* _DIRECTIONS FOR THIS TASK_
What you return should match the material below line for line, except that no image appears in it.

* _SUPPLIED MATERIAL_
[Start of Attachment]

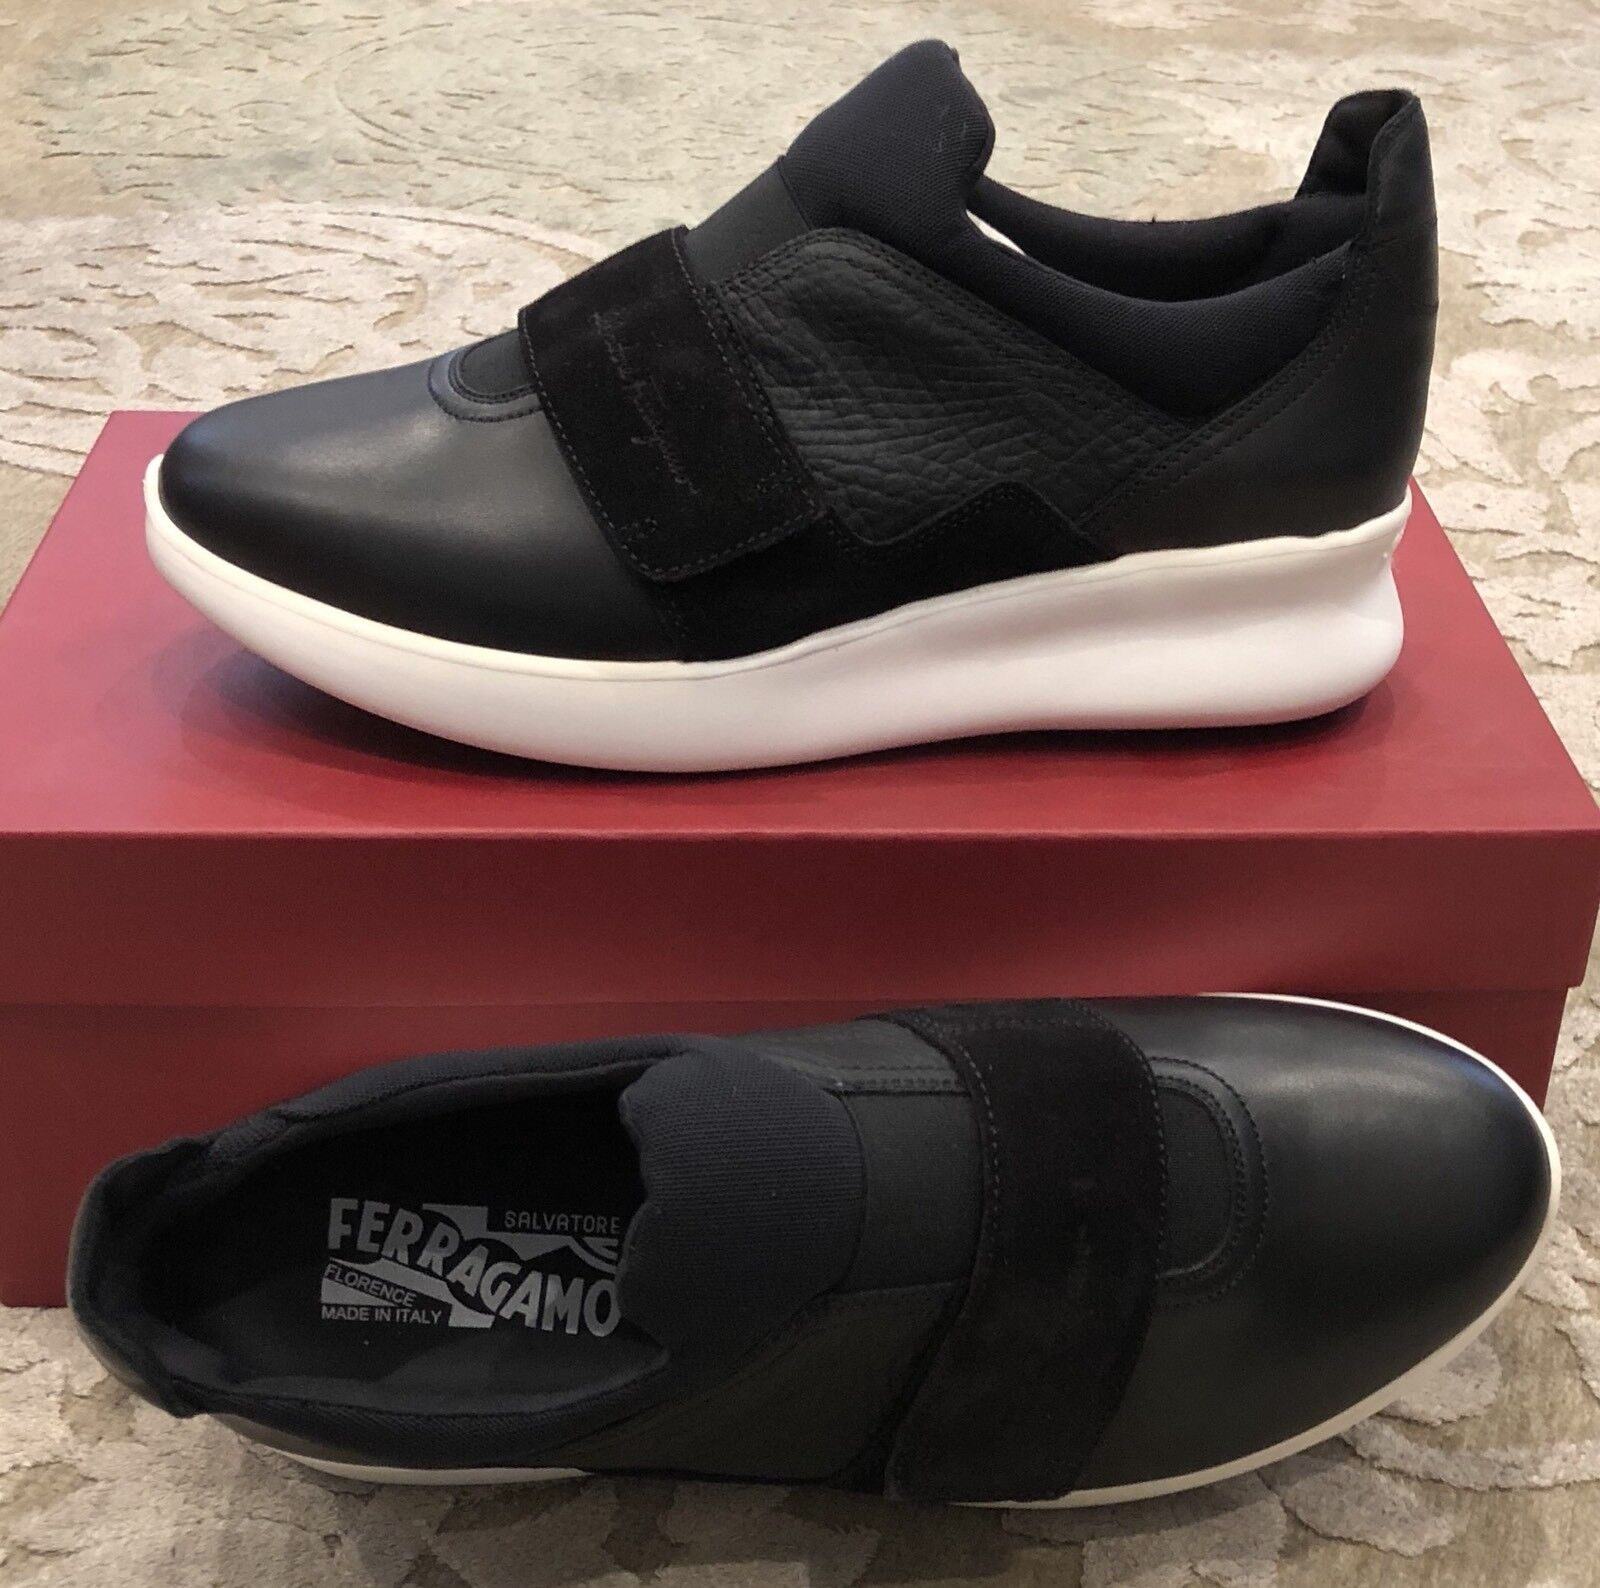 75a22c77305 650 New Salvatore Ferragamo Mens shoes Black Sneakers Size Size Size 6.5 US  5.5 UK 39.5 ...
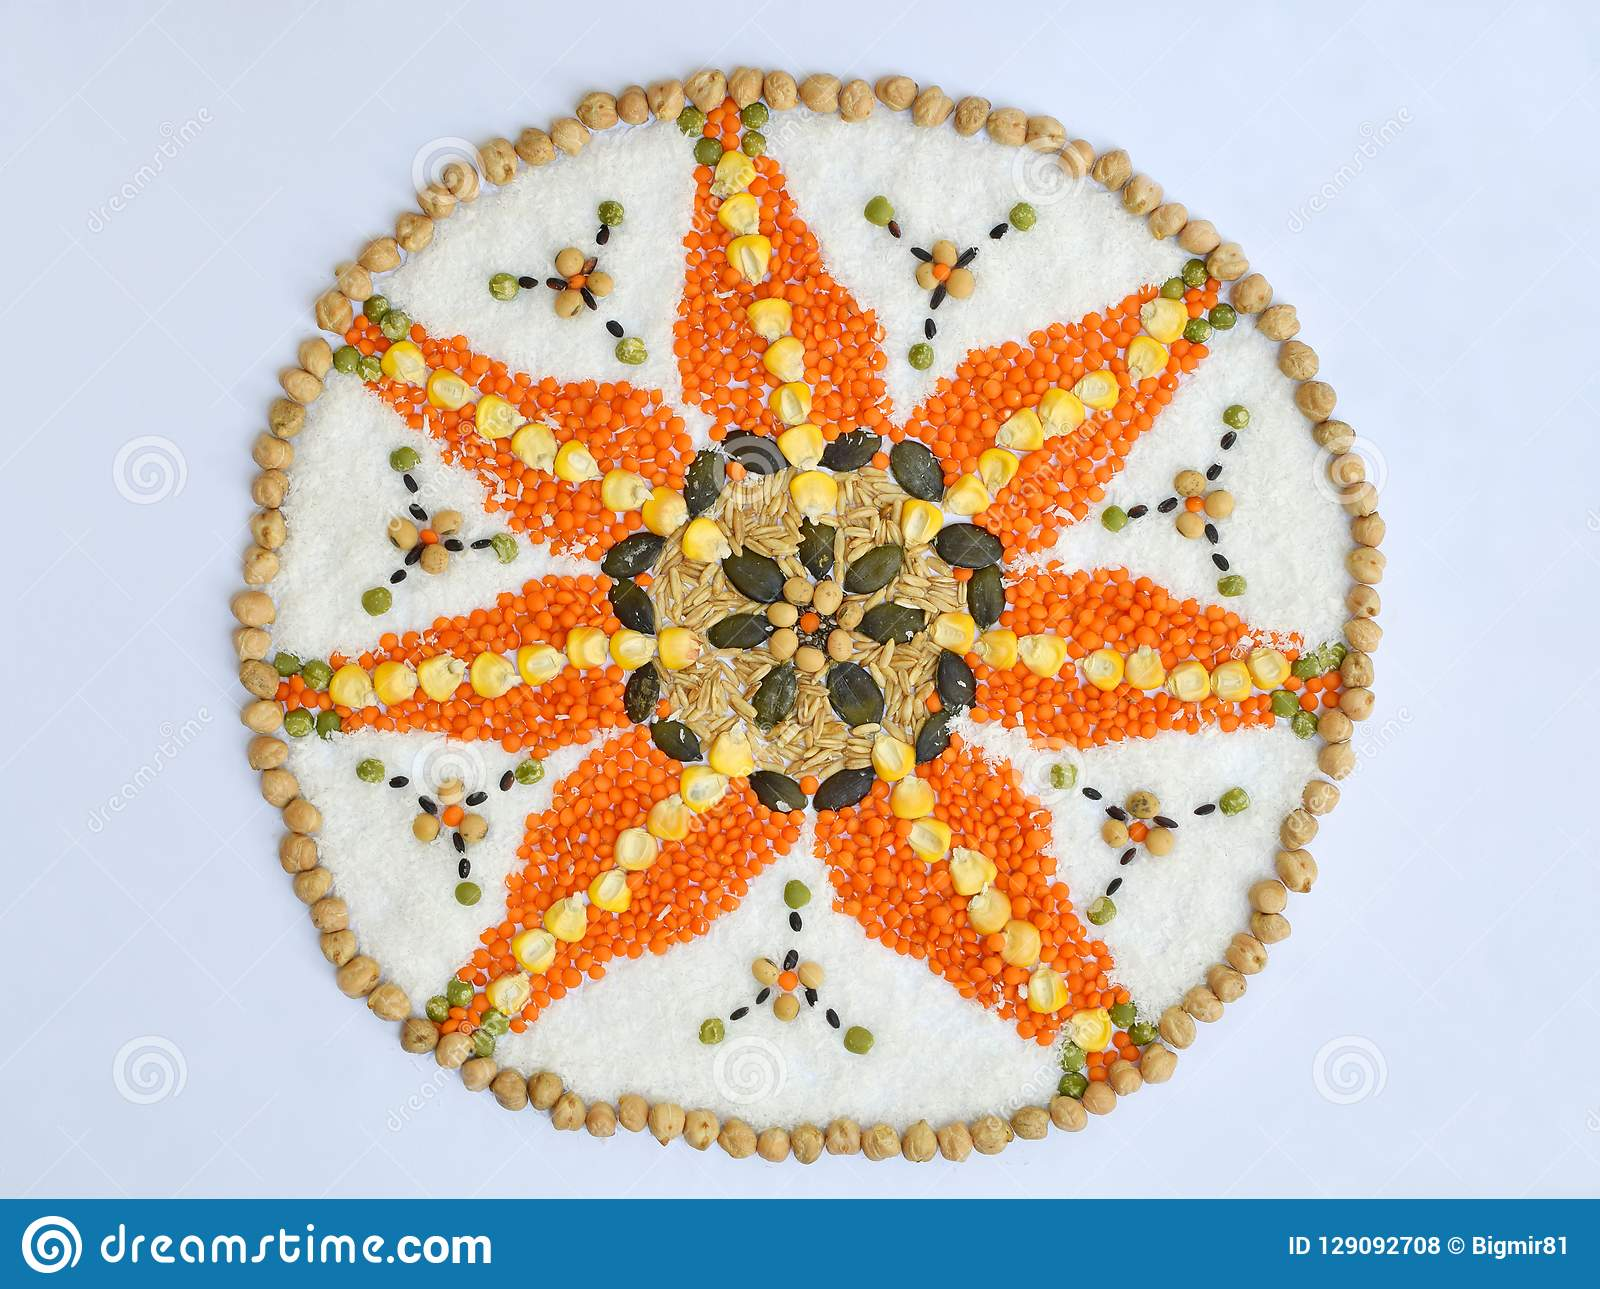 Mandala zboża, adra i ziarna, Bezpłatny pojęcie Kukurudza, koks, ryż, owsy, soczewicy, soje, dyniowy ziarno zdrowa żywność
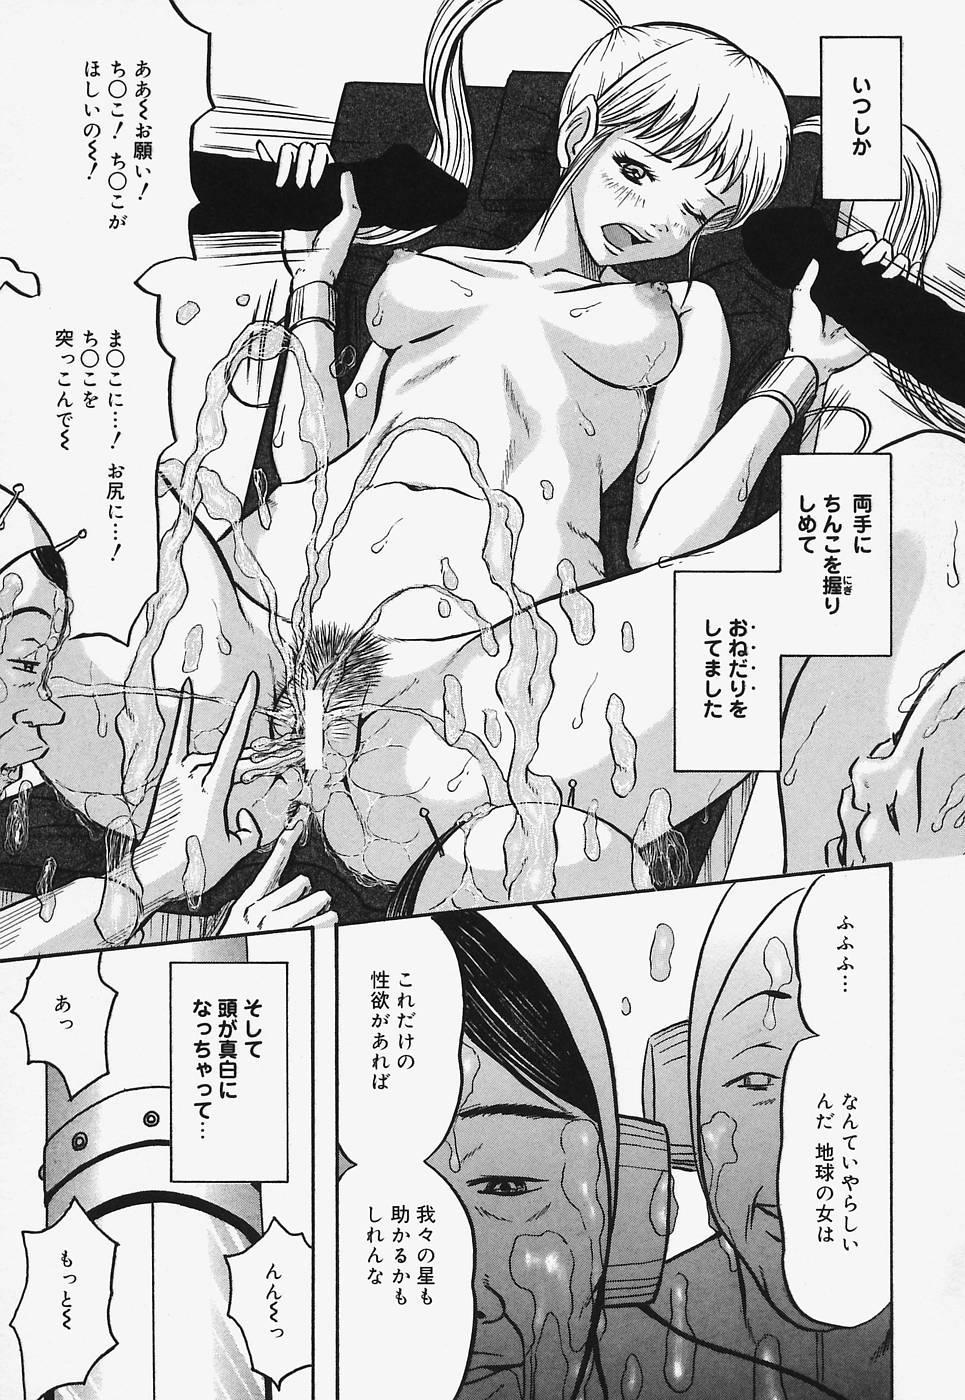 Nurunuru Syoujyo Jiru 142
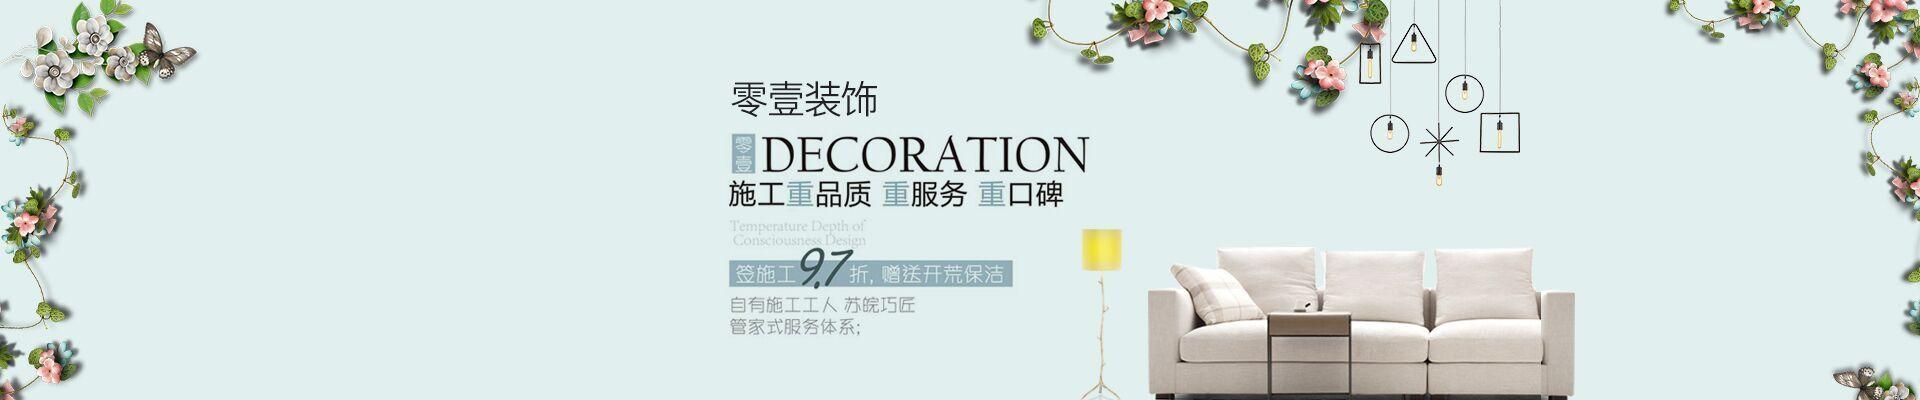 北京零壹装饰工程有限公司阜阳分公司

[End of Attachment]

* _OUTPUT OF THE EXERCISE_
 75a22c77305 650 New Salvatore Ferragamo Mens shoes Black Sneakers Size Size Size 6.5 US  5.5 UK 39.5 ...
 Mandala zboża, adra i ziarna, Bezpłatny pojęcie Kukurudza, koks, ryż, owsy, soczewicy, soje, dyniowy ziarno zdrowa żywność
 Nurunuru Syoujyo Jiru 142
 北京零壹装饰工程有限公司阜阳分公司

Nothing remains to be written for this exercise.